所以哲學史上有一種非常顯見的現象,即哲學家們往往只是在理論上相信自己的理論,卻不願或不能在生活中踐行之。例如休謨,這位以無懈可擊的論證動搖了因果律的可靠性,擊破了18世紀的理性精神,並將康德從舊信念的迷霧中喚醒的偉大哲人,在現實生活中卻也只如我們這些凡夫俗子一般訴諸理性,依據因果。倘若我們以知行合一為標準來質疑他的理論,他一定會給出那個他早已經準備好的回答:研究哲學對某種氣質的人說來是個愜意的消磨時間的方法,除此之外沒有研究它的理由。

叔本華的哲學與人生表現出更強烈的反差,這個宣揚悲觀主義與禁慾哲學的人一直過著某種講究得略嫌奢華的生活。甚至直到晚年,他的功利心和競爭欲也絲毫不遜於今日職場中的鑽營之輩。王國維若以源自孟子的知人論世之道來理解叔本華,很可能就不會有這部《人間詞話》了。

|5|《哲學辨惑》:王國維在1903年的哲學宣戰書

中國傳統總是實用主義的,即便時至今日,人們熱衷於理解哲學或貌似哲學的心靈雞湯,出發點也總是希望對當下有益:或用以平衡心態,或用以強大心志。這是一種U盤式的拿來主義:只有即插即用才是好的。這種閱讀風氣不免令人懷疑:我們究竟比那些晚清遺老進步了多少?

哲學偏偏不是U盤,反而更像是二進制運算法。小穆勒對哲學的一句說明,恰恰與上述羅素對幾何學的評語很有些異曲同工之妙:「表面上似乎同人們的實際生活和表面利益相去甚遠的思辨哲學,其實是世界上最能影響人們的東西。」

如果不憚粗淺之譏,將社會比作一棵大樹,那麼哲學、意識形態與技術的關係便近乎樹根、樹幹與樹葉的關係。枝繁葉茂是觸手可及的繁華,但是,若僅僅在枝葉上注射養料以期待枝繁葉茂,結果分明不待嘗試便可預見。

但是,也許只有王國維一般殫見洽聞的人才有如此的預見力,這或多或少要歸因於他受舊學影響較淺——當然,這是和張之洞那些人比,不是和我們來比。「清談誤國」一向被認為是中國歷史上以慘痛代價方才獲得的政治智慧:魏晉清談聲猶在耳,那些大族名士豈不正是不理世務,以談玄論道打發高雅浮生的嗎?難道此風還當再現,只是清談的內容換成西方哲學嗎?

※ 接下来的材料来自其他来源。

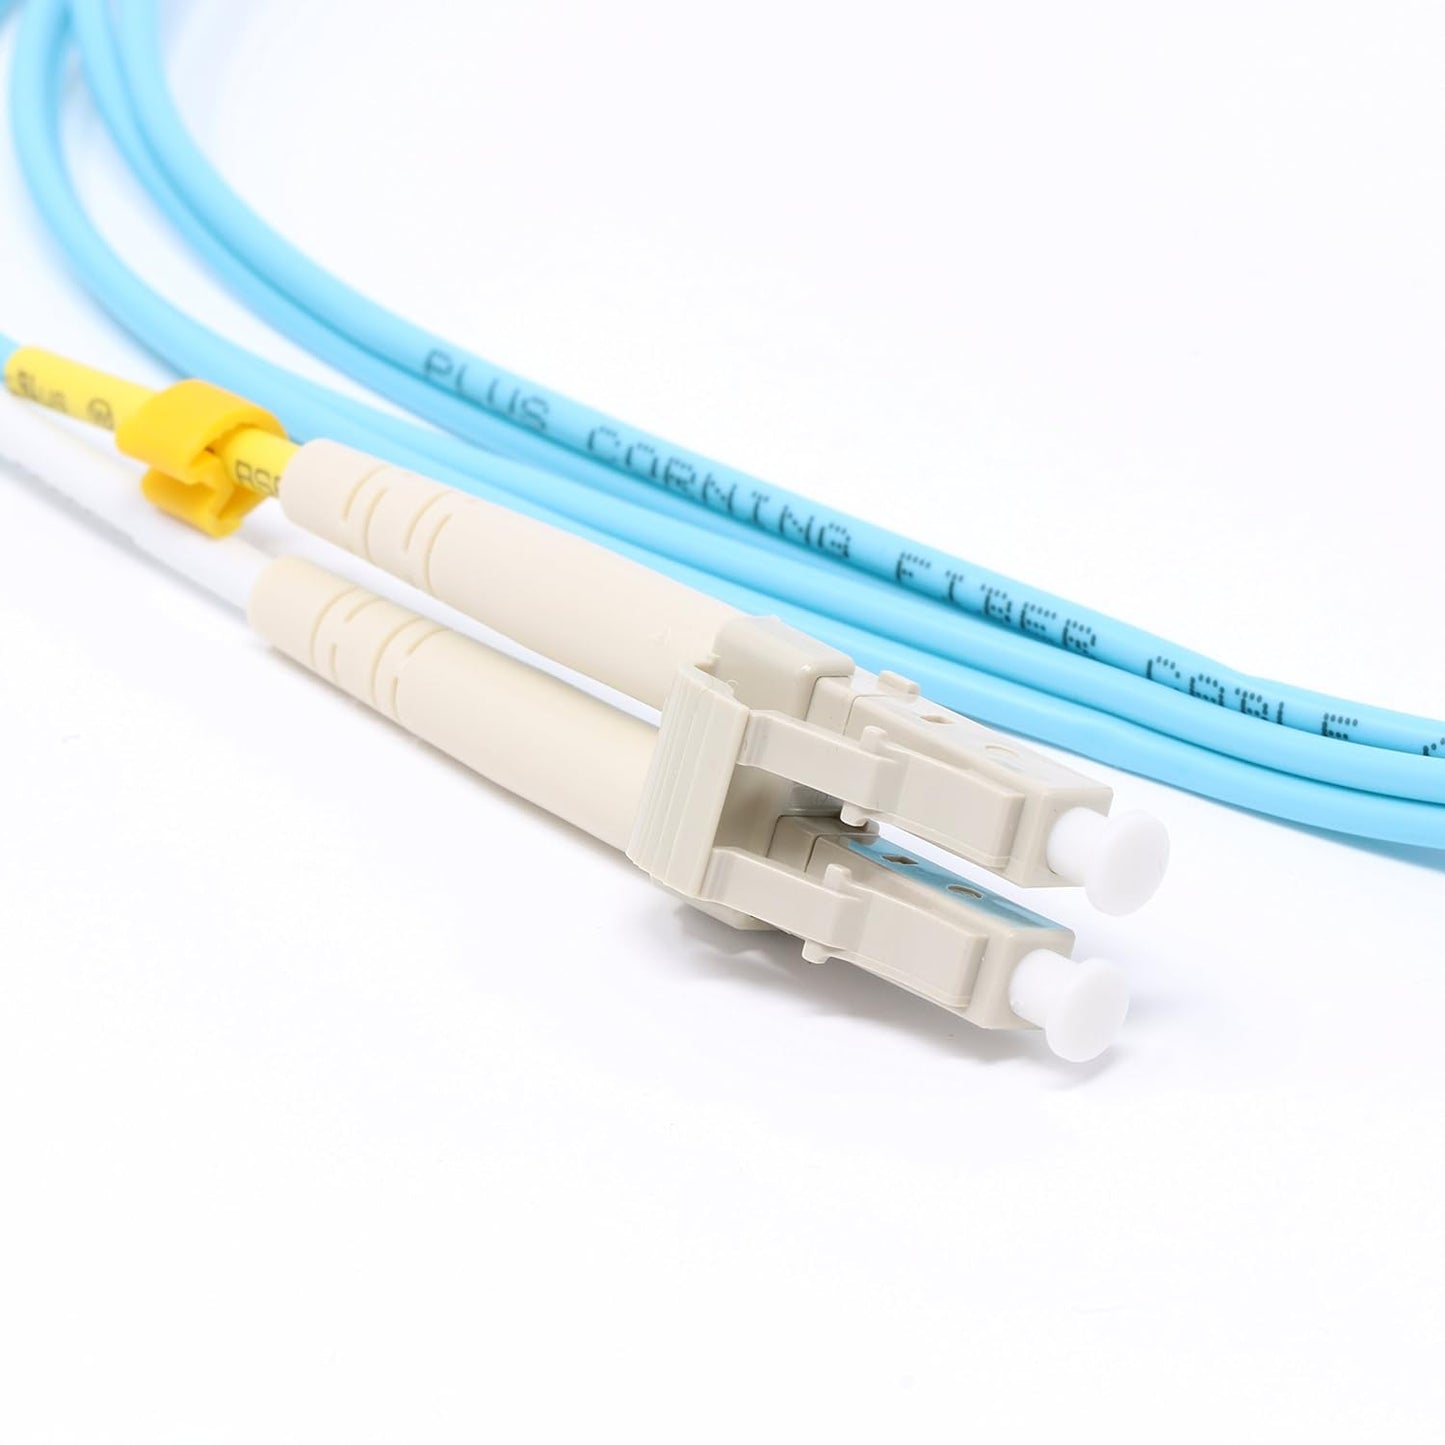 100 Meter 10Gb OM3 Multimode Duplex Fiber Optic Cable (50/125) - LC to LC - Aqua

這是一種合情合理的質疑,只不過忽略了魏晉名士與西哲先賢的一點不同:前者畢竟是在尸位素餐之餘來談玄論道的,霸佔著行政職位卻毫不理事,即便將清談改成其他娛樂方式,亡國也是免不了的。一言以蔽之,誤國其實不是清談應負的責任。

1903年7月,王國維在《教育世界》上發表了一篇《哲學辨惑》,反擊張之洞拋出的「哲學有害無益」論,闡述哲學的無用之大用。這篇文章,在今天看來似乎亦不失其時效性。

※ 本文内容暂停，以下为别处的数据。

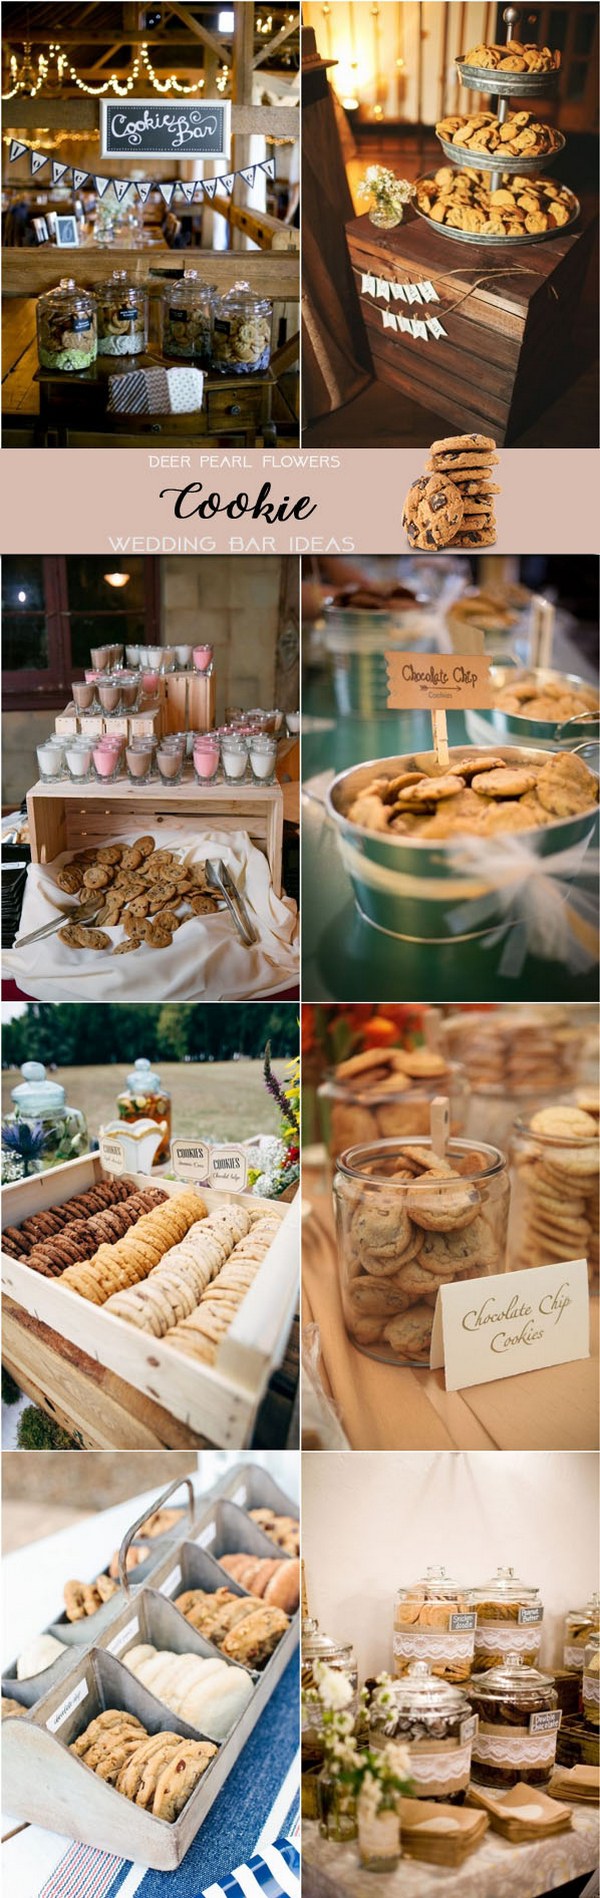 Rustic cookie wedding dessert food bar ideas for wedding reception

1904年,王國維苦讀康德《純粹理性批判》與叔本華《作為意志和表象的世界》,以叔本華哲學為根底撰寫《紅樓夢評論》;1905年,撰《論哲學家及美術家之天職》;1906年,撰《教育小言十二則》,彙集近年詞作刊為《人間詞甲稿》;1907年,撰《教育小言》十三則、《古雅之在美學上之位置》、《三十自序》。以上自然不是王國維這幾年撰述的全部,卻是我們今天理解《人間詞話》最應該參照的材料。然後,1908年,大約在夏秋之際,王國維開始撰寫《人間詞話》。

|6|古印度的神秘主義與佛教·四聖諦

「無用之用」既是王國維的治學綱領,也是《人間詞話》裡一個貫穿始終的美學觀念。這一觀念得自叔本華哲學,也正是它以十足舶來品的身份支撐著王國維那個貌似很有中國情調的境界之論。

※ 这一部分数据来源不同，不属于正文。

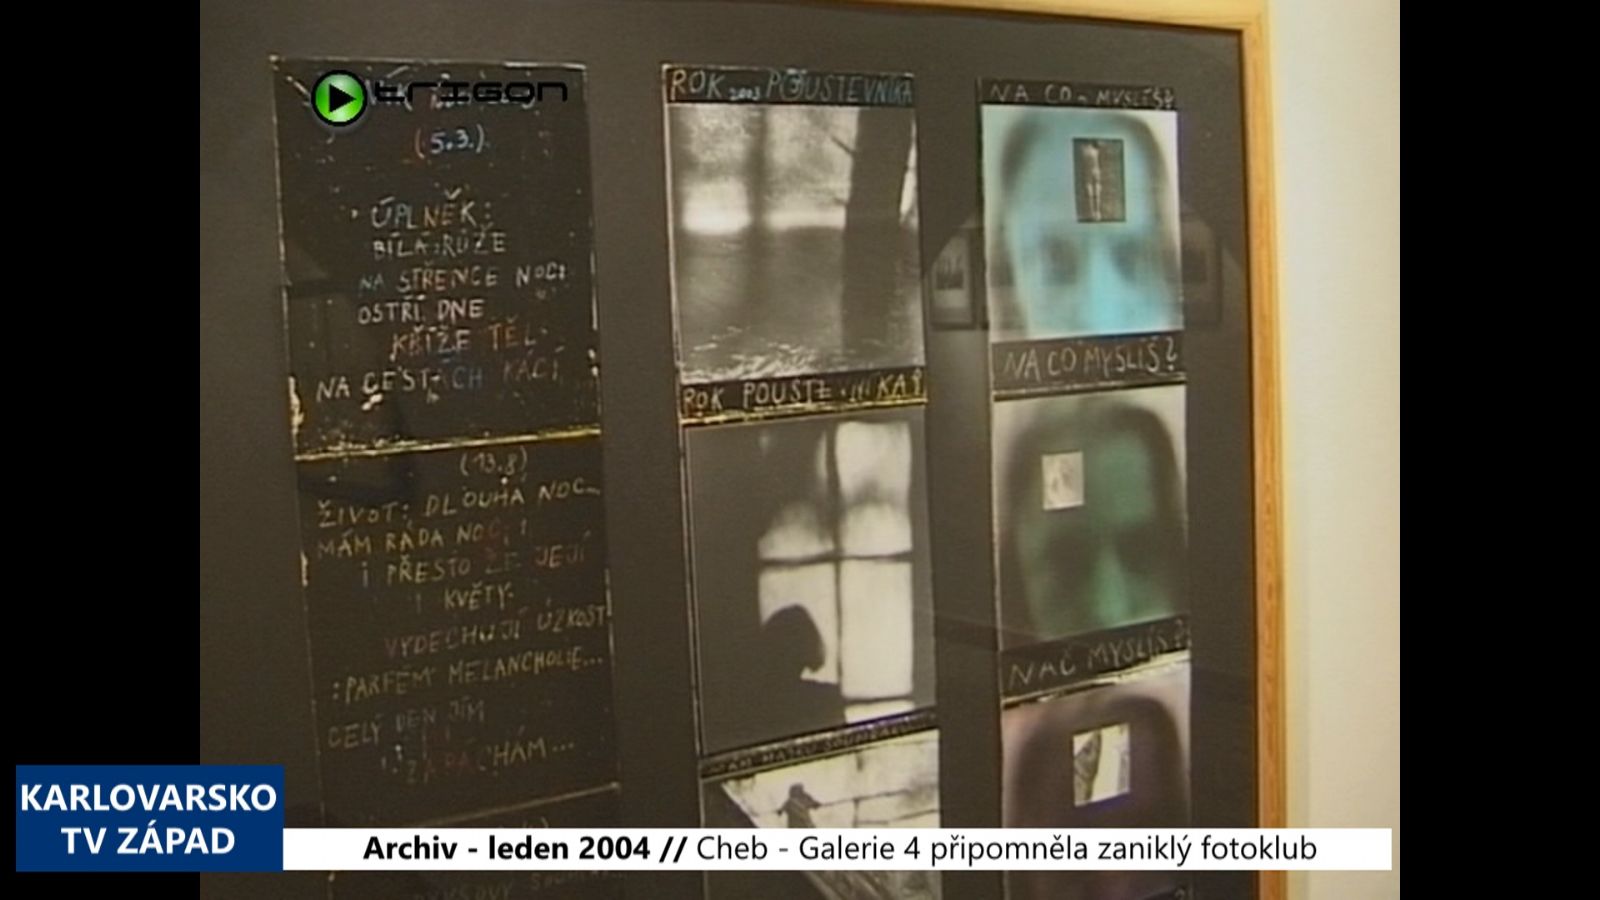 2004 – Cheb: Galerie 4 připomněla zaniklý fotoklub (TV Západ)

所以,要理解《人間詞話》的境界說,就必須從叔本華哲學開始。

叔本華哲學是由康德、柏拉圖和古印度神秘主義(包括佛教)這三塊基石支撐起來的,出於敘述之邏輯性以及由淺入深之階段性的考慮,我想先從最後一塊基石談起。

因為佛教的緣故,「六道輪迴」對於中國人而言早已不是一個陌生的概念,但很少有人知道的是,這並非佛陀的獨到之見,而是佛陀生活的時代裡印度各宗各教早已形成的一種信仰共識。換言之,當時的印度人一生下來便浸淫在這樣一種信仰環境裡,不自覺中便以六道輪迴為天經地義。古老的《梵書》如此說道:「為善者當受善生,為惡者當受惡生,依淨行而淨,依污行而污。」

對於熱愛生活的人而言,這樣的理論無疑是悅耳的。死亡只是生命暫時的休歇,而每一場休歇都意味著即將開始一段嶄新的生命之旅。今生尚未盡情享受的快樂,在來生以及來生的來生還大有機會。來生或許並不托生為人,或許托生為獅子、大象之類的動物,那該是何等的新鮮刺激啊。只要在今生保持一顆行善之心,就不必擔心來生會變成任人踐踏的螻蟻。

即便是那些飽受生活之苦的人,在這樣一種理論的指導下也完全可以樂觀起來:今生縱使絕望到底,至少還可以寄希望於來生;只要今生多行善,莫作惡,來生總還有翻身的機會。但是,隨著那位釋迦族的超凡王子誕生人間,越來越多的人開始以新的眼光看待六道輪迴裡的宇宙人生了。

據佛教經典的通常說法,在尚未證悟成佛之時,喬達摩·悉達多王子有一次在城中巡行,於東、西、南、北四座城門處分別見到生苦、老苦、病苦、死苦的景象,使他那顆悲天憫人的心靈大震撼,而佛法修證的端倪也在這一天悄然萌生了。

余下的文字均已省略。